Retaining compounds are a type of adhesive first invented in the 1960s. They are used to fill the spacing between mechanical components, as well as installing the bearings inside houses, shafts and retaining cylinder liners. Once cured, they provide a strong bond between the components to give the final product a high-precision assembly.
Why Use a Retaining Compound?
As adhesives, a retaining compound can be used alone or in combination with various mechanical methods. However, they are more commonly used to fill the spacing between components because they allow for the transmission of significantly higher loads, which is beneficial to the entire assembly.
For example, the connection on a typical bearing might be secured by a press fit. The metal-to-metal contact area between the components is only 30 percent of the entire joint surface area. As a result, small movements at the joint interface will grind down the parts and produce small particles from abrasion.
Using adhesives specially designed for bearings can help to eliminate this problem. By effectively sealing the joints, micro movements are eliminated to prevent any component damage to the system. In fact, additional tests have shown that the axial strength of a component is increased three times with the application of a retaining compound at the joint.
Benefits of Using Retaining Compounds
Although retaining compounds are commonly used on bearings in housings or on shafts, they have a wide range of other applications and benefits. These applications include holding gears and pulleys onto shafts, retaining cylinder liners, fixing oil filler tubes in castings and restoring the accuracy to worn machine tools.
Retaining compounds help prevent the distortion of the metal components when used to secure bearings. Simply apply the retaining compound to the outside of the bearing before it is inserted into the casing, so any gaps between the bearing and the housing are sealed. The retaining compound protects both components from regular wear and tear.
How to Choose the Right Retaining Compound
Like all other glue products, retaining compounds come in many different types, each designed for a specific use. Some popular retaining compounds are designed to fill gaps; others offer high strength, and some have faster cure speeds.
Retaining compounds used to fill gaps between various mechanical parts are designed to have different viscosities. For example, low viscosity retaining compounds have viscosities around the 1,000 mPa*s range, and can be used for gaps that go up to 0.15 mm. To seal gaps greater than this, retaining compounds with higher viscosities, usually greater than 2,000 mPa*s, should be used instead.
Retaining compounds designed to have higher strength are ideal for applications that require a permanent bond. For example, parts that should not be taken apart during the life cycle of a device or structure should be fixed using a retaining compound with high-bond strength. For parts that need to be taken apart for occasional maintenance, retaining compounds with a lower bond strength should be used to allow for easy disassembly.
Retaining compounds with faster cure speeds are ideal to use on production lines requiring fast production rates. The retaining compound can turn rigid faster to allow for bonding to happen between the components. Fast-curing retaining compounds should not be used for applications that require minor adjustments to be made after assembly.

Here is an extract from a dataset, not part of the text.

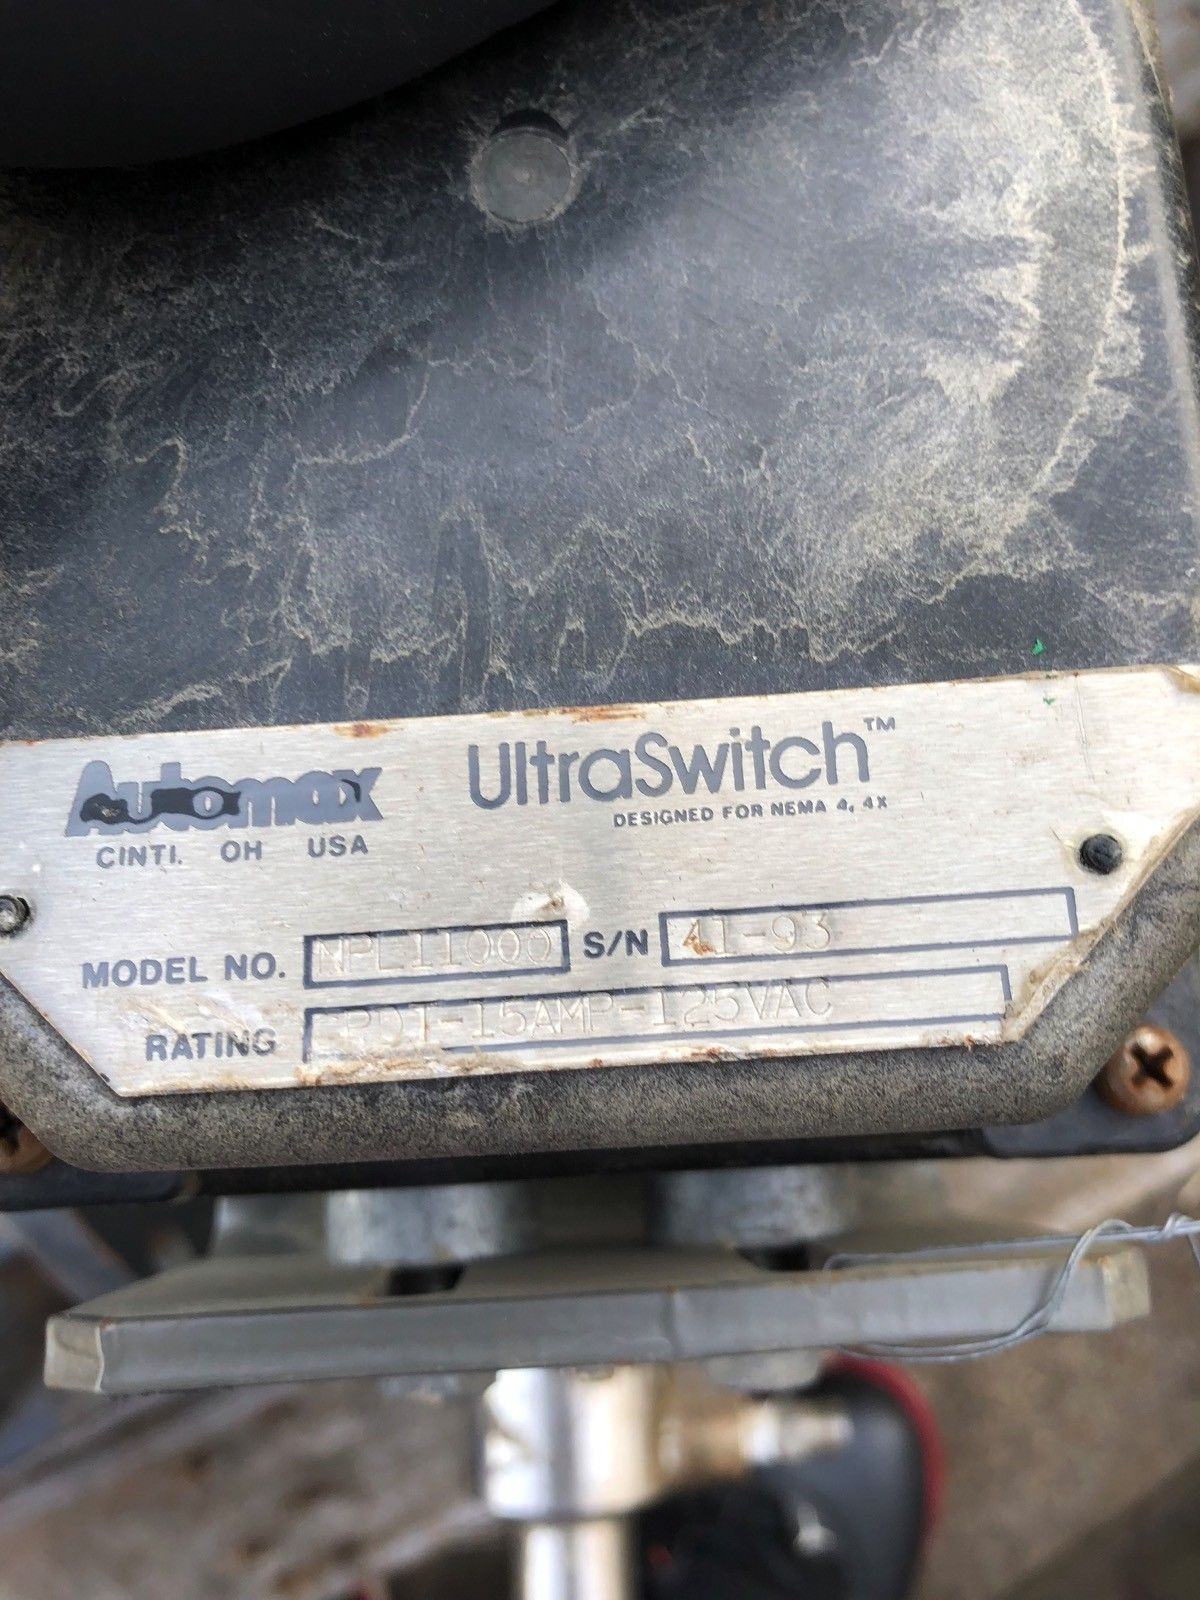 USED AUTOMAX ULTRASWITCH NPLII000 ACTUATOR SCBSP110C NELES JAMESBURY VALVE PTFE 2

Popular Retaining Compounds
Like with all other products, there are popular retaining compound brands that have built up a superb reputation from years of customer satisfaction. Two of these brands are ASI and Vibra Tite.
The ASI Torque 80 RC Short Open Time High Strength Retaining Compound is a retaining compound designed to withstand torque, which is a twisting motion common in many mechanical components. They can fill gaps up to 0.015 inches and can withstand temperatures from -60 to 450°F. They are great for sealing threads and for applying to cylindrical components.
The Vibra Tite 538 High Strength Retaining Compound is a high-strength retaining compound designed to provide a sturdy and robust bond. It is made up of an anaerobic resin, which requires a lack of oxygen to work. They can withstand temperatures up to 300°F and can be used for general sealing purposes, such as locking keys and splines and restoring worn assembly parts.
Retaining compounds are adhesives commonly used to fill gaps between various mechanical components. They help prevent the distortion of these mechanical components by reducing wear and tear and increase the strength of the final assembled product. Some popular retaining compound brands include ASI and Vibra Tite, which come in different types designed to have various properties, such as temperature resistance or high strength.